For smaller capacities, a single HTCR reformer is used.
The convection principle of a HTCR hydrogen plant leads to a low energy consumption. Table 1 shows the consumption of feed and fuel in a HTCR plant compared with a traditional hydrogen plant. It is seen that the performance of the HTCR is quite attractive compared to the traditional process, with a yearly cost saving
of $3.1 million (natural gas price of €25/Gcal ($8/MMBTU)).
Plot plan area
The convection principle allows for the design of compact reformers, and a HTCR hydrogen plant can be supplied as a very compact unit, with part of the equipment supplied skid-mounted. Typical plot plan area for a 30 000 Nm3/h (27 MMSCFD) plant is 50 x 40m (164 x 131ft) and can be adjusted according to conditions at client’s site. The required plot plan area for a HTCR unit is approximately 30% less than a conventional hydrogen unit with a box-type reformer (SMR). Figure 4 shows the plant layout for a 30 000 Nm3/h (27 MMSCFD) plant currently under construction.
Scope of supply
In connection with HTCR hydrogen plant projects, Haldor Topsøe’s typical scope of supply is:
• Basic and detailed engineering
• Full plant documentation
• Supply of all materials and equipment within battery limits
• On-site supervision (for assembly, pre-commissioning, startup, test run)
• Training of operators.
Workshop skid assembly
Due to the compact layout, a large part of a HTCR plant can be pre-assembled in skids in a workshop outside the client’s plant site. Depending on plant capacity, the skids are assembled in the workshop with vessels, heat exchangers, reactors, valves instrumentation, piping, etc (see Figure 5). For transport reasons, the skids are subsequently separated by cutting the interconnecting piping (see Figure 6).

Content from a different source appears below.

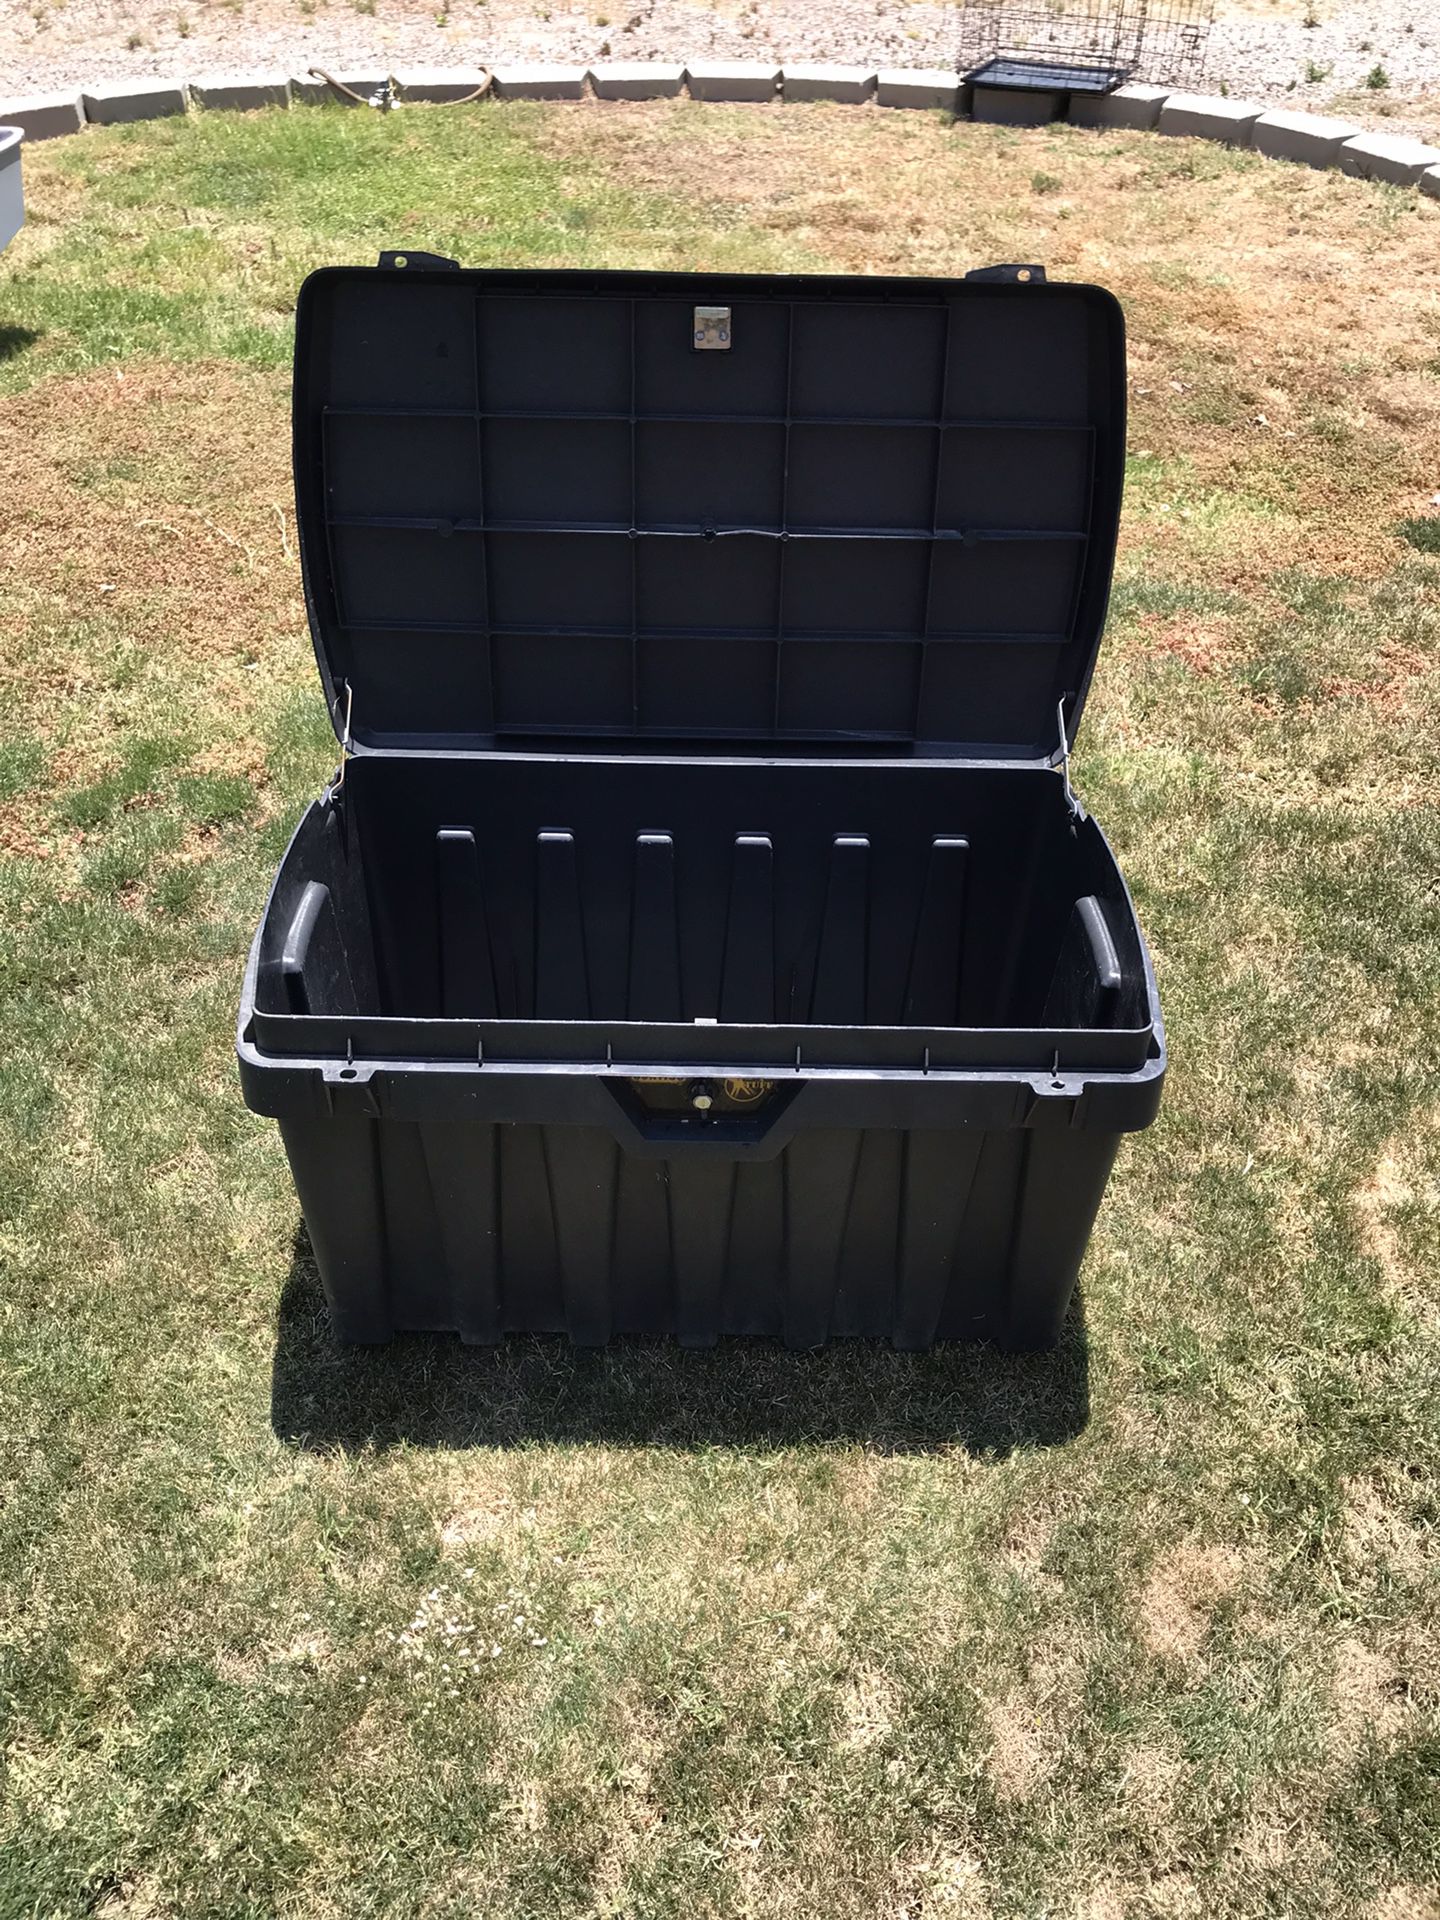 Contico Pro Tuff Storage Locker Tool Box for Sale in Oak Park, IL - OfferUp

The use of pre-assembled skids minimises installation time and erection costs compared to a traditional plant. Typically, the site installation can be completed in three months and, where the site installation work for a traditional steam reformer plant often amounts to 30–35% of the investment cost, an estimate of only 15–20% can be applied for a skid-mounted HTCR unit.
HTCR designs include plants with capacities up to 30 000 Nm3/h (27 MMSCFD), and with 32 reformers and more than 10 years’ operating experience a HTCR plant provides a well-proven, efficient and reliable concept for hydrogen production. Operating data from HTCR plants meet or outperform the flow sheet figures and confirm the high energy efficiency of the HTCR technology.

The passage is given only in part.